Reactions: Like Like:
3


----------



## srshkmr

I think it was confirmed way back . But now the project is official on which means delivery will start from may 2017 ?

Reactions: Like Like:
1


----------



## ravi gupta

srshkmr said:


> I think it was confirmed way back . But now the project is official on which means delivery will start from may 2017 ?


Somebody please tag @Bilalkhan777.


----------



## Hell hound

@Bilal Khan 777 @Bilal Khan (Quwa)

Reactions: Like Like:
2


----------



## sudhir007

and what about dhanush & k9 howitzer


----------



## Aqeel Imran

specs tells its hell fire... !! impressed..


----------



## Bilal Khan 777

Congratulations to India on a game changer procurement. This will bring much needed relief to their mountain artillery corps, as they have been tremendously suffering. Additional developments are indigenous and license produced guns coming out of ambitious local manufacturers. Indian Army and Government is finally paying heed to the much needed weapon of the field, and shall erode deeply into the Pakistani and Chinese technical and advantage. Time for Pakistan to invest is 155/52 guns and smart projectiles to keep the balance of guns in their favor.

Reactions: Like Like:
4


----------



## GURU DUTT

what about the deal with M&M to make 500 in india under MII and what about the prospects of making a tracked and wheeled version SPG based M777 ?


----------



## Mustang06

Is smart munition's like Excalibur being procured? 
Hope we induct sufficient quantity of LWH!


----------



## Bilal Khan 777

GURU DUTT said:


> what about the deal with M&M to make 500 in india under MII and what about the prospects of making a tracked and wheeled version SPG based M777 ?



There is not going to be additional guns for a while, as the current ones will come and get absorbed in the new and existing mountain corps.
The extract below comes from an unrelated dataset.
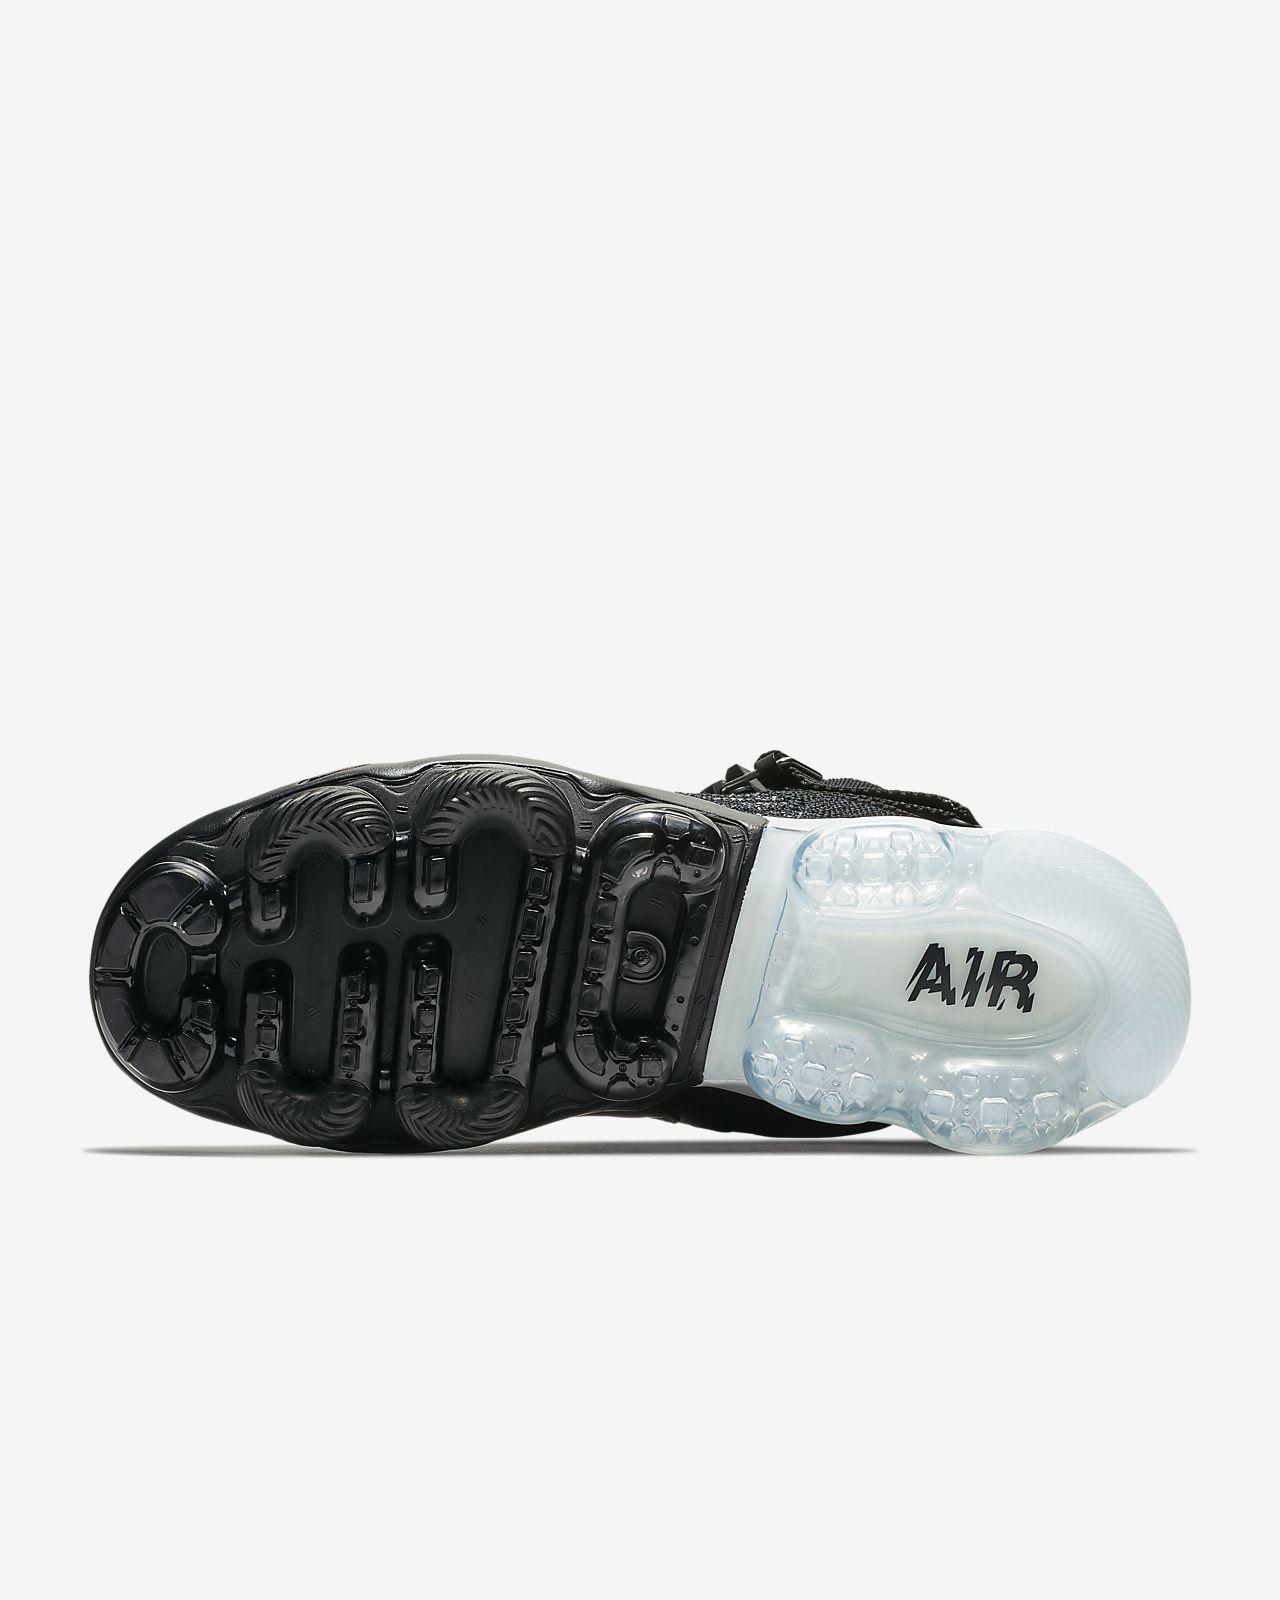 san francisco c9d96 de237 ... Nike Air VaporMax Premier Flyknit Men s Shoe

I personally feel there will be a tough competition for funds for indigenous weapons versus the M777. That said, and knowing how decision makers think, any future requirement for M777 will continue to come as kits for assembly by Mahindra, the BAE Systems offset partner. The quantity 500 seems to be like a candy used to force BAE Systems to play ball, but the future artillery mix will have a major chunk going to Dhanush due to lower cost and local manufacturing.



sudhir007 said:


> and what about dhanush & k9 howitzer



Both programs will continue, as they have their own place in the artillery mix. We may also see BAE Systems Sweden (ex-bofors) join the mix since the blanket black listing law is being amended.

Reactions: Like Like:
5


----------



## MULUBJA

sudhir007 said:


> and what about dhanush & k9 howitzer


 
6 dhanush are in testing and K 9 is in making.

Reactions: Like Like:
2


----------



## GURU DUTT

Bilal Khan 777 said:


> There is not going to be additional guns for a while, as the current ones will come and get absorbed in the new and existing mountain corps. I personally feel there will be a tough competition for funds for indigenous weapons versus the M777. That said, and knowing how decision makers think, any future requirement for M777 will continue to come as kits for assembly by Mahindra, the BAE Systems offset partner. The quantity 500 seems to be like a candy used to force BAE Systems to play ball, but the future artillery mix will have a major chunk going to Dhanush due to lower cost and local manufacturing.
> 
> 
> 
> Both programs will continue, as they have their own place in the artillery mix. We may also see BAE Systems Sweden (ex-bofors) join the mix since the blanket black listing law is being amended.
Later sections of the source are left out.